Se debe descartar todo antes de conectarlo a la red electrica, sea con o sin serie.
La serie sirve de especie de "proteccion", que si hay un cortocircuito, o no oscila la fuente quedando conduciendo el transistor continuamente, enciende la lampara a su maximo brillo (descontando la caida de tension de los diodos, si éstos no fueran los culpables del corto).
Pero... Peeero.. (siempre hay un pero), si la lampara en serie (que debe ser de filamento), es muy superior en watts a lo que el equipo consuma, mas que proteccion, primero vuela todo, y despues queda encendida al maximo la lampara, o ni llega a encender


----------



## Cicente (Sep 15, 2021)

Hay uno de EEUU que cambia todos los condensadores no se por que, porque yo no sé inglés y no pone subtitulos, en el video no comprueba con el multimetro y al final tampoco comprueba que funcione. Si alguno sabe inglés me lo podríais explicar que hace? Es cap reemplace power supply nintendo 64. Gracias
Quería traducirlo con Google traductor utilizando dos moviles, pero la voz humana el programa la detecta pero la que sale del móvil no. Por que?


----------



## DJ T3 (Sep 16, 2021)

Cicente dijo:


> pero la voz humana el programa la detecta pero la que sale del móvil no. Por que?
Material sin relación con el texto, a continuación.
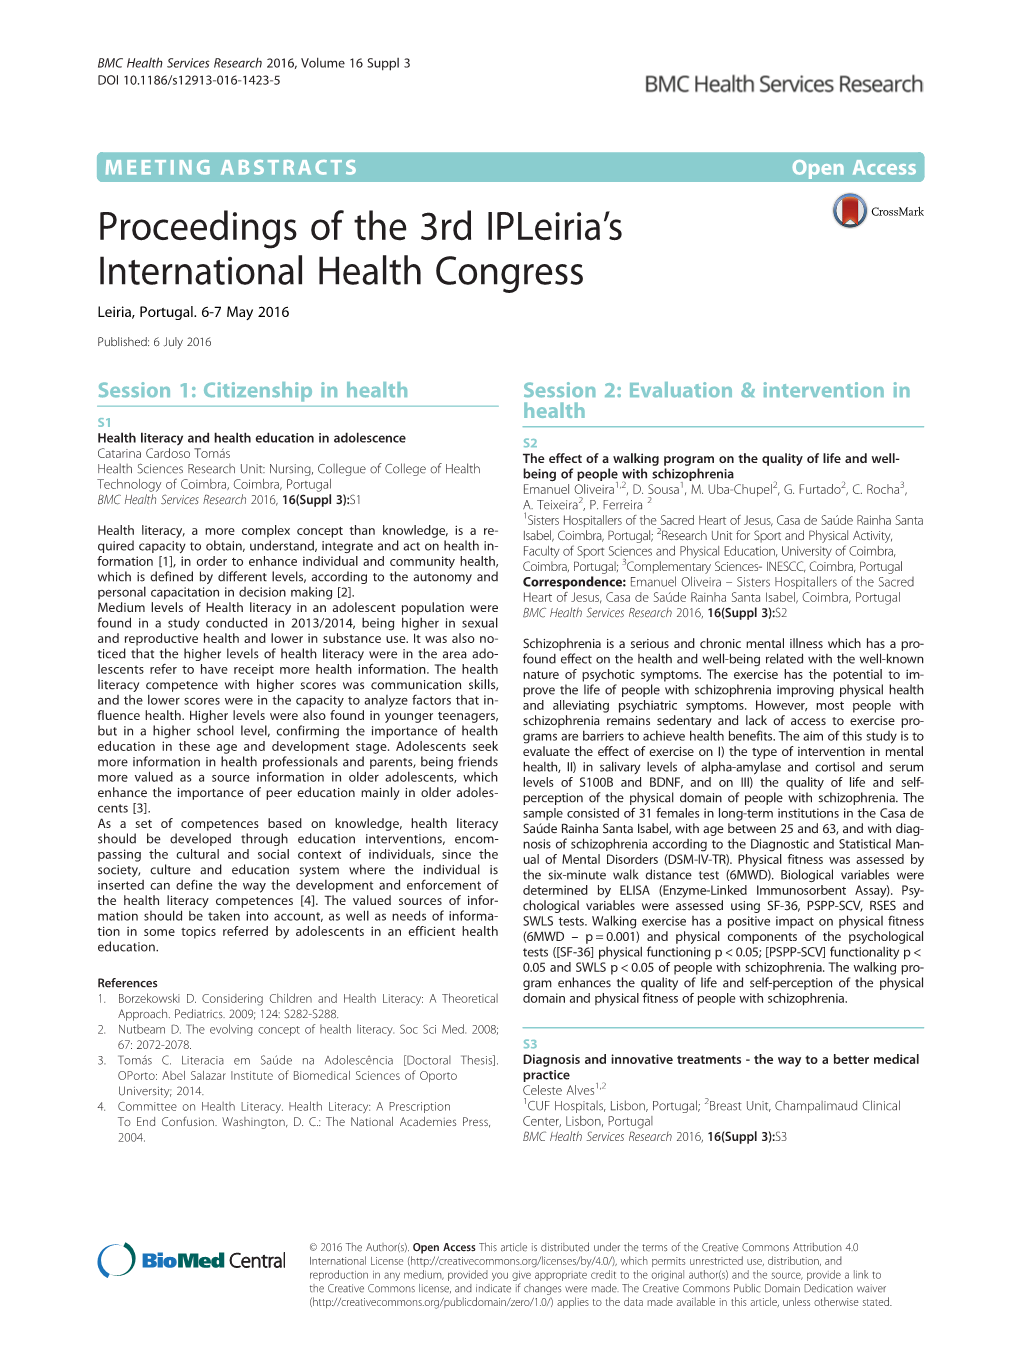 Proceedings of the 3Rd Ipleiria's International Health Congress

Probablemente por l calidad de audio, no logra completar las frecuencias que comprenden a la voz.



Cicente dijo:


> en el video


Publica el video, no nos hagas buscarlo. El foro soporta enlaces de Youtube y otros servicios.

Si cambia los capacitores sin medir, seguro debe ser que asume que estan secos o desvalorizados


----------



## Cicente (Nov 8, 2021)

Que es este elemento y cual es su función como saber si esta estropeado? Tiene 12 patas
Y otro de 7 patas que es P00245B
Y otro de 7 patas que es P00245B


----------



## Pinchavalvulas (Nov 8, 2021)

¿Qué pone en la placa? ¿Cómo lo denominan? 
Puede ser un híbrido con componentes discretos y semiconductores y su función puede ser variada. 

Puede ser un filtro multiple. 
Puede ser un array de resistencias. 
Puede ser el circuito oscilador del primario de la fuente. 

Sin información de fábrica o esquema del aparato es adivinar. 
Y por adivinar... Podría ser un filtro.


----------



## J2C (Nov 8, 2021)

.

@Cicente mira *aquí* (haz click) con la placa de la fuente a un costado hasta que encuentres la que es igual.

Busca directamente el Schematic, también usando las identificaciones que posee la caja/gabinete de dicha fuente.



Salu2.-


----------



## J2C (Nov 8, 2021)

.

Quise editar el mensaje anterior, pero finalizo el tiempo antes de terminar de escribirlo.




Hay varios modelos de fuentes para esa consola, y hasta el momento he visto 3:

a) La de *este video* (haz click) que posee el integrado controlador de la fuente SMPS en forma discreta montado del lado pistas.

b) La de *este video* (haz click) que posee el integrado controlador montado sobre una plaqueta vertical en modo discreto.

c) Y la que posteo @Cicente en su post *#24* que posee el integrado montado en un componente en *Thick-film technology* (haz click).


Por lo tanto y considerando las cosas que ha preguntado/*respondido* el mismo considero que no está en condiciones de realizar la reparación, dado que tampoco podemos guiarlo al no poder conseguir ningún esquemático circuital.



Salu2.-


----------



## Pinchavalvulas (Nov 8, 2021)

En tv trc antiguos ( algunos dirían vintage) solían "acoplar" modulitos de esos en el circuito de croma o en el amplificador de video, o en FI.
En los vídeos, VHS, betamax, también se encuentran modulitos similares, revestidos o con los componentes bañados ligeramente.

Sí todo lo demás está comprobado y dudas de ese módulo, tienes la opción de buscar por si encuentras repuesto (de segunda mano) o la opción de usar el aparato como pisapapeles.

Puede que la consulta sea únicamente por duda, por aprender.


----------



## hellfire4 (Nov 16, 2021)

Cicente dijo:


> Quería traducirlo con Google traductor utilizando dos moviles, pero la voz humana el programa la detecta pero la que sale del móvil no. Por que?


Si tiene subs CC aunque sea en inglés, se pueden descargar y traducir, sino es super lioso al tener que crear los CC, como le respondía a uno en este hilo.





						Traductor de google celular no detecta otro movil
					

Hola a todos. La cuestión es la siguiente, trate de que el traductor de Google tradujera un vídeo poniendo cerca otro móvil e incluso con altavoces con sonido fuerte, y no detectaba las palabras y porque cuando hablamos si que lo detecta.




					www.forosdeelectronica.com
				




Tendrían que verlo aca, entenderlo y ver si es data veraz encima, pero bueno, se ve que han logrado mejores caminos ya


----------